# [Work to be completed]
Copy exactly, and only, the lines from the one with "Happy birthday, Kevin" to the end of the listing; omit pictures.

# [Collected material]
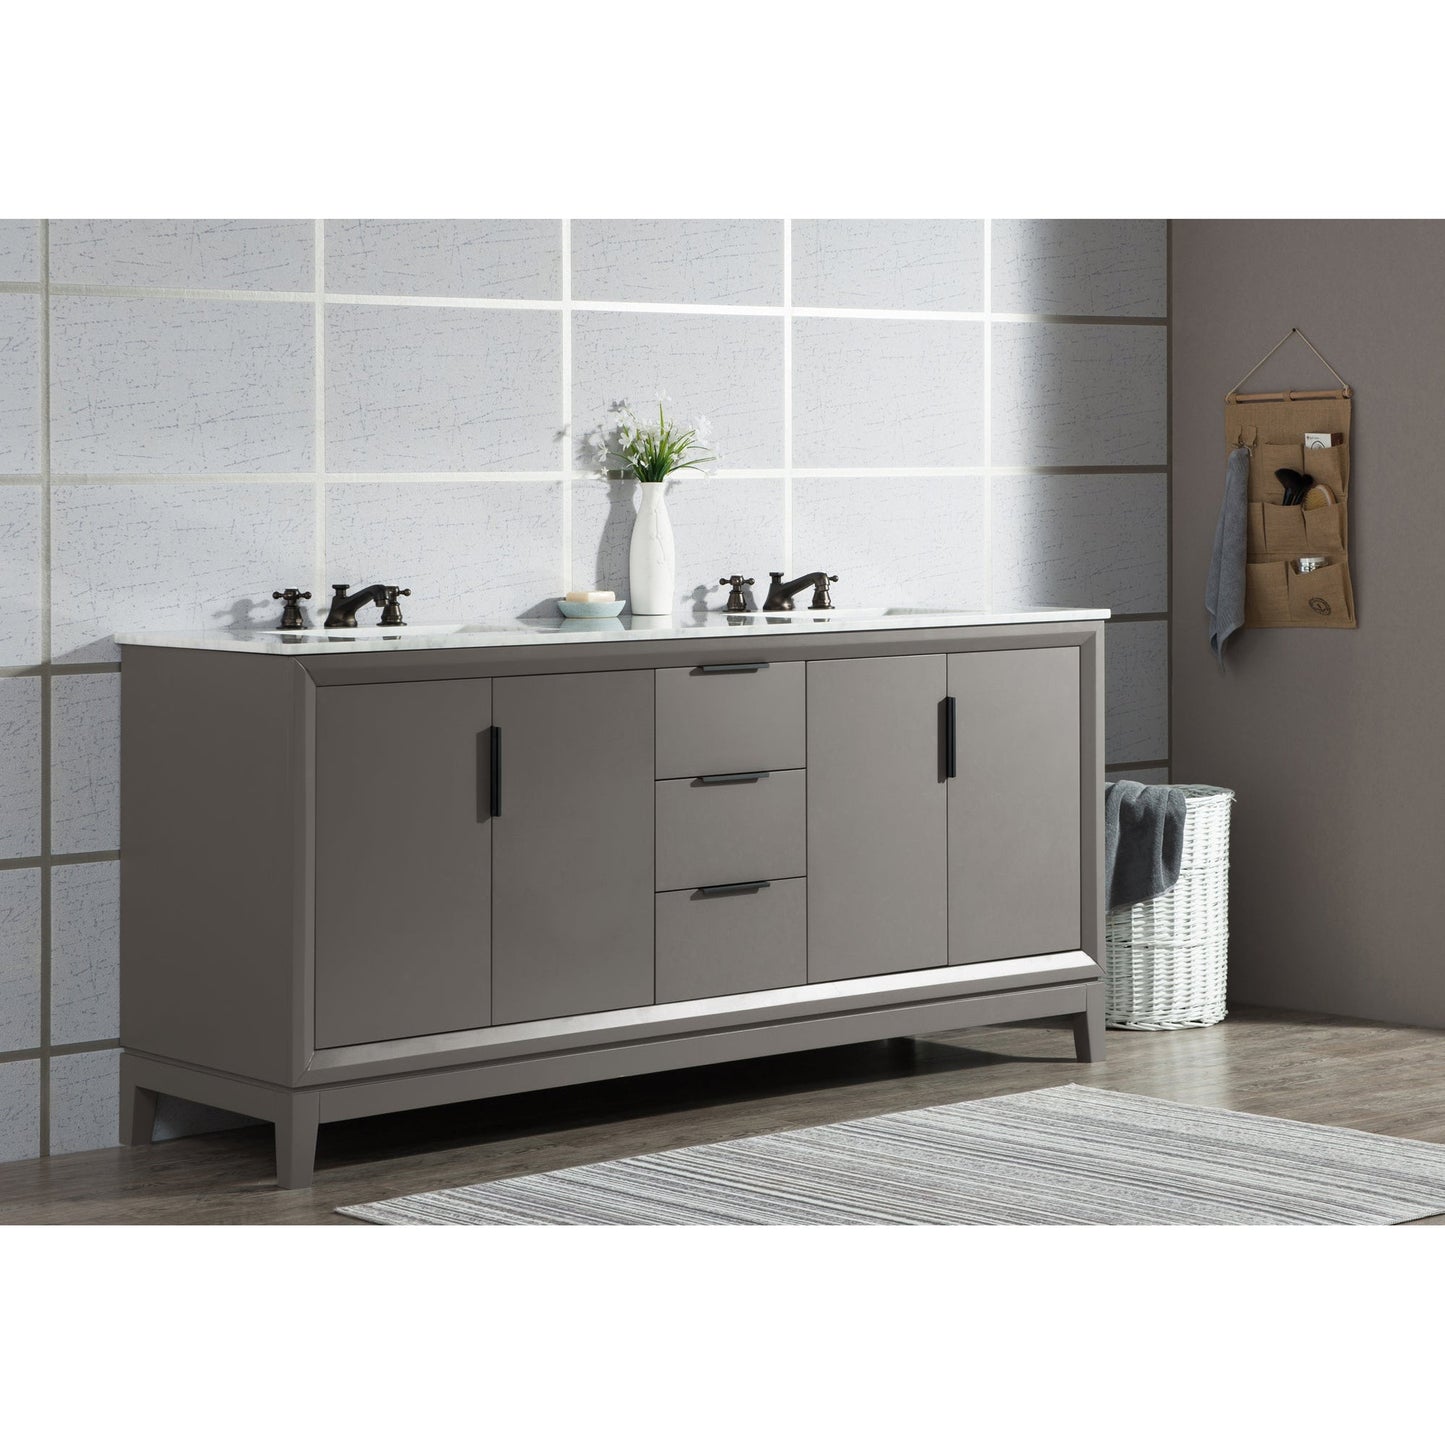 Water Creation Elizabeth 72" Double Sink Carrara White Marble Vanity In Cashmere Grey With F2-0009-03-BX Lavatory Faucet
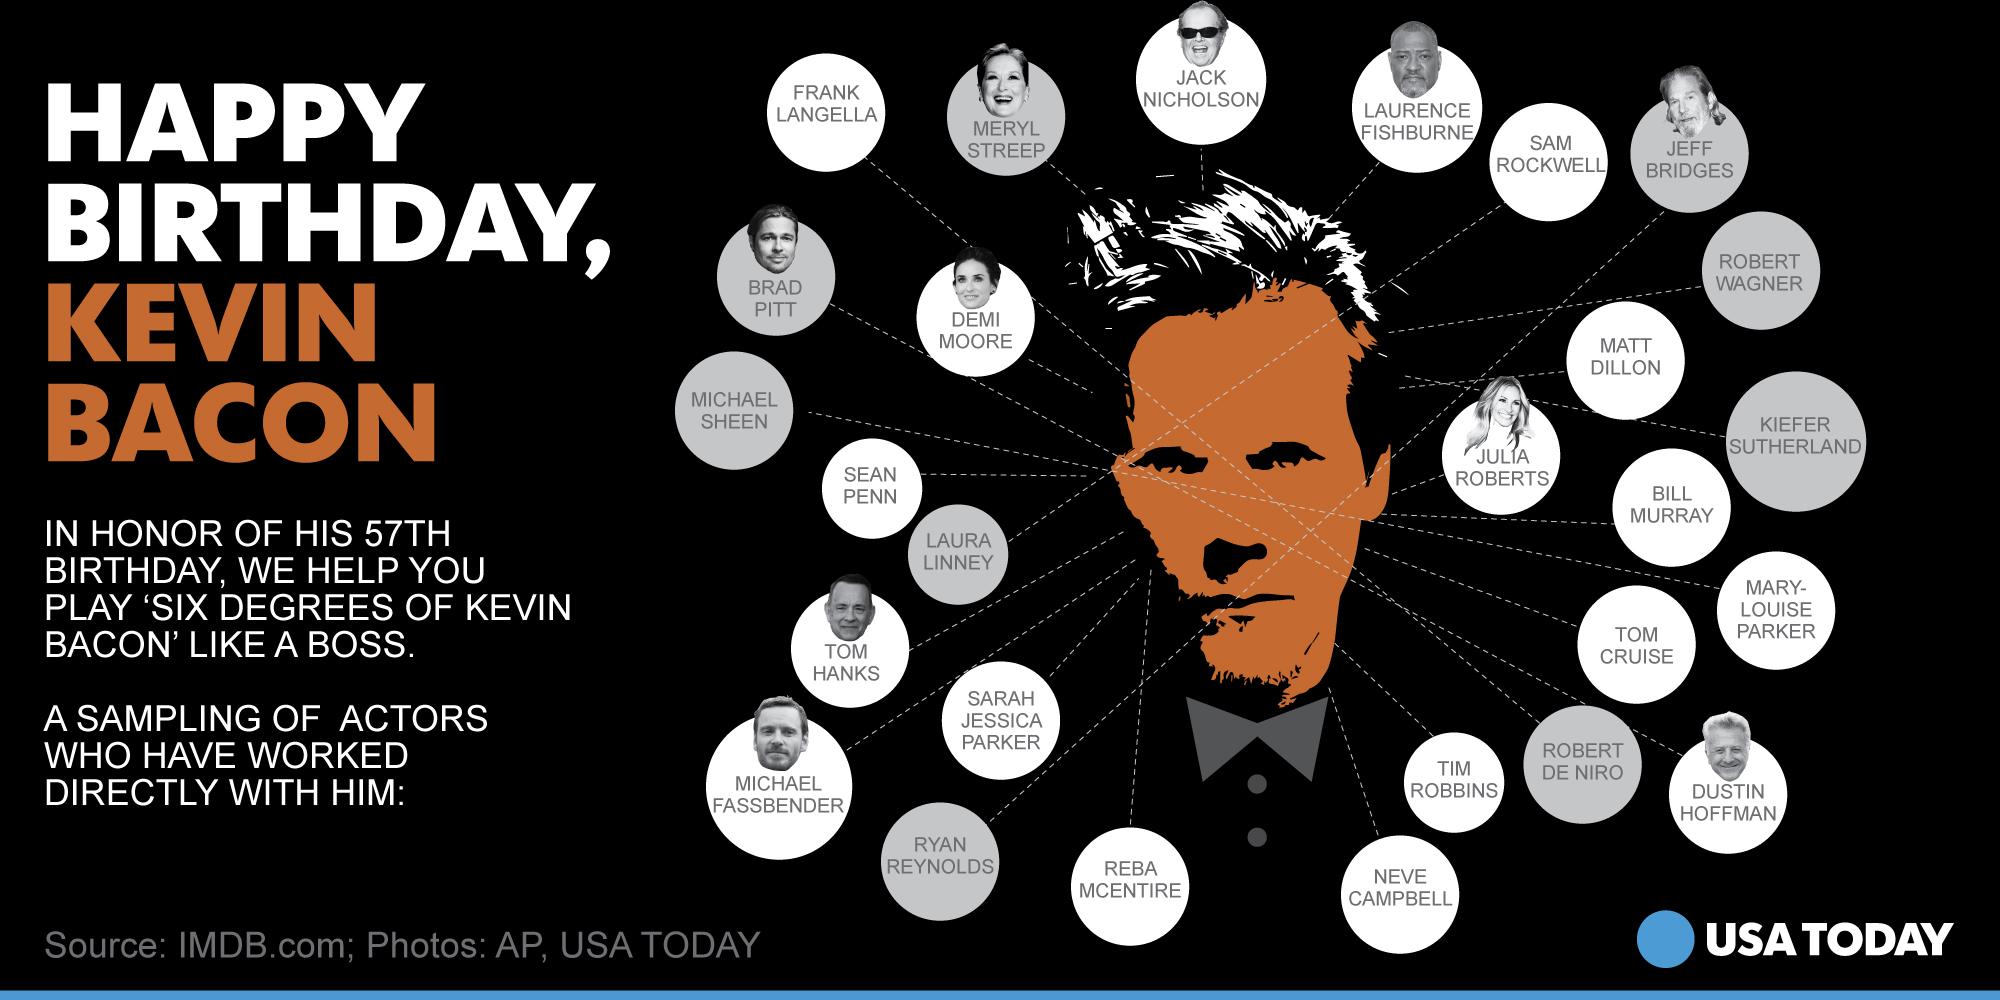 Happy birthday, Kevin Bacon! Let\s play a little game to celebrate. 
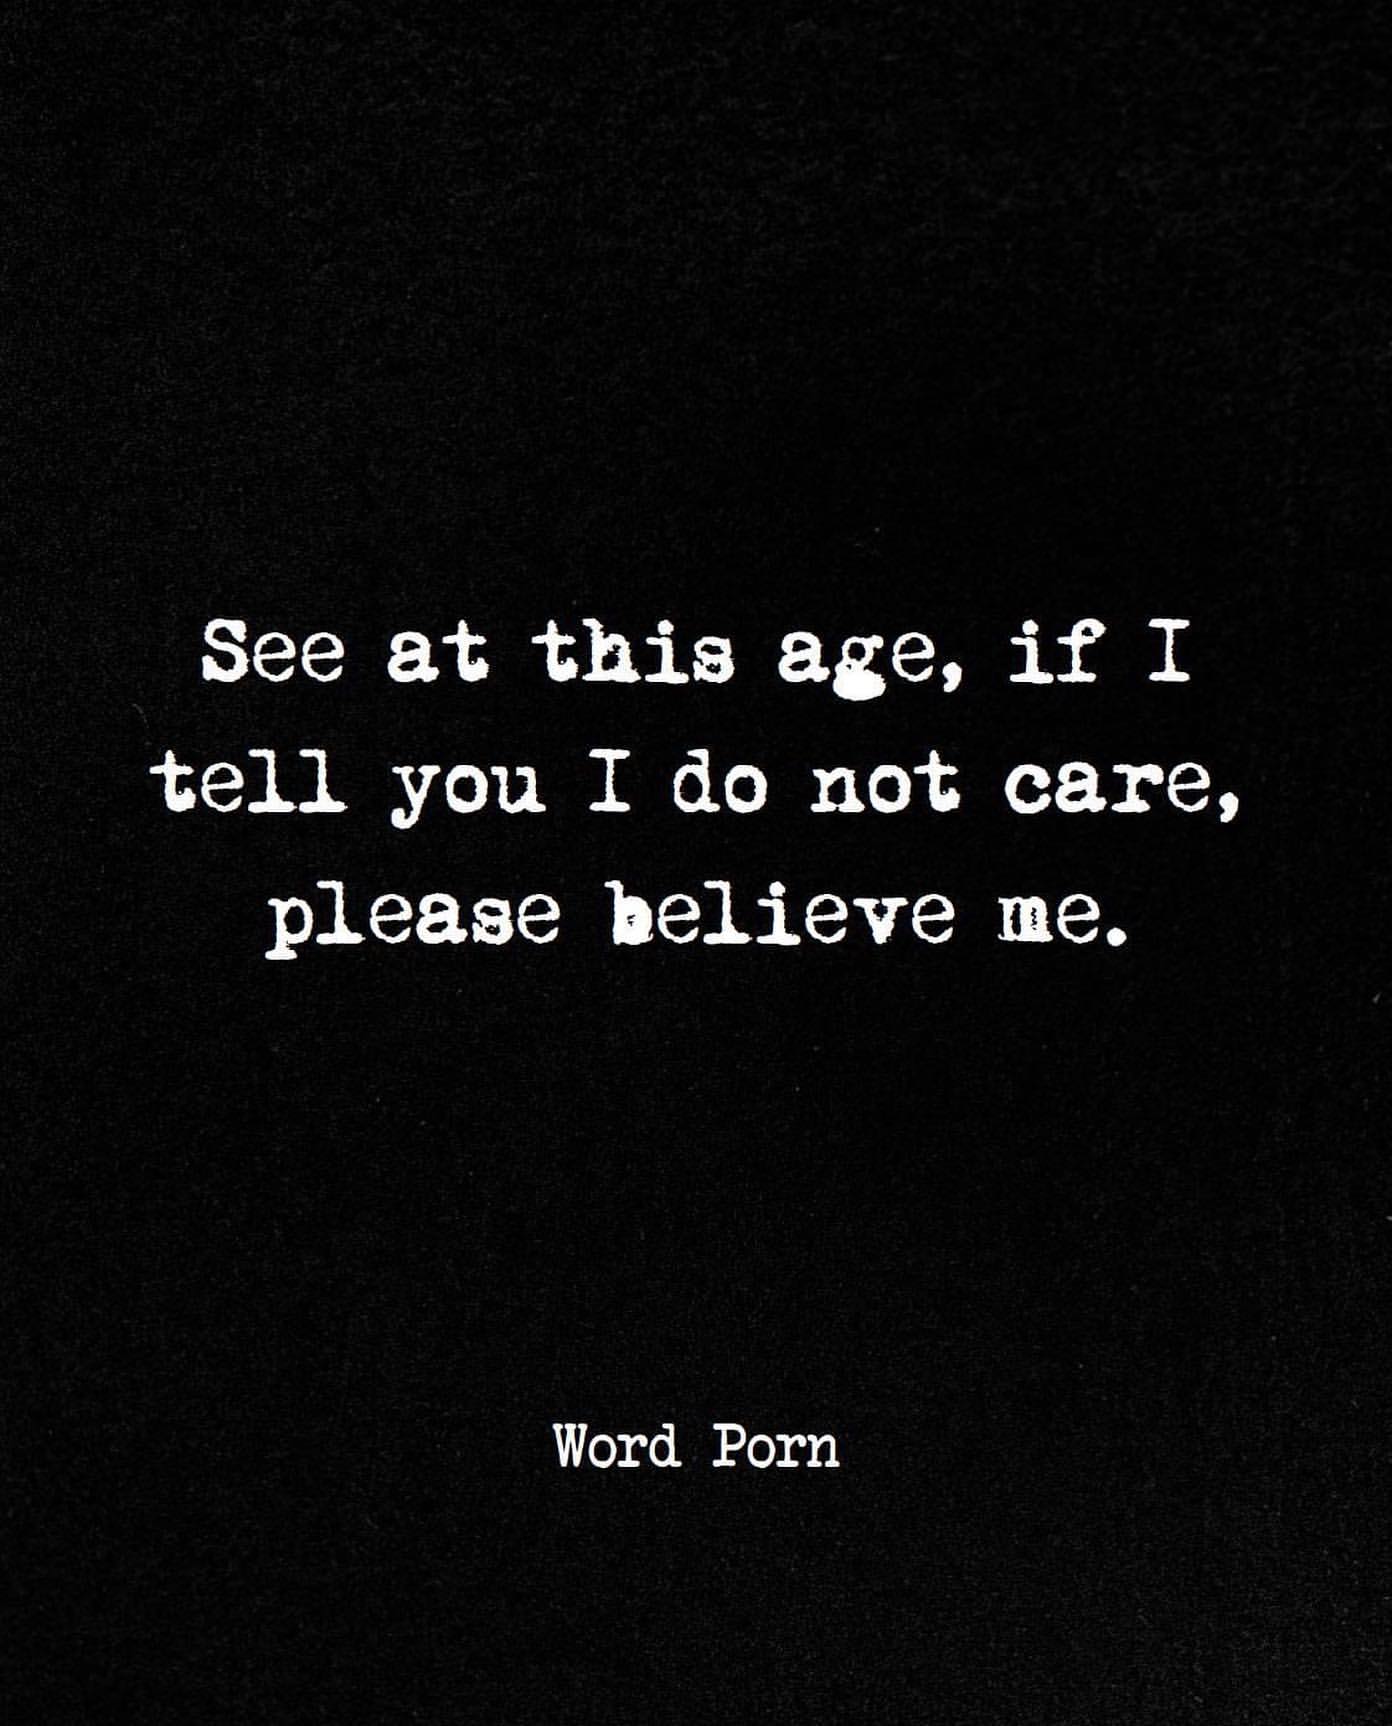 See at this age, if I tell you I do not care, please believe me.

# [Written reply]
 Happy birthday, Kevin Bacon! Let\s play a little game to celebrate. 
 See at this age, if I tell you I do not care, please believe me.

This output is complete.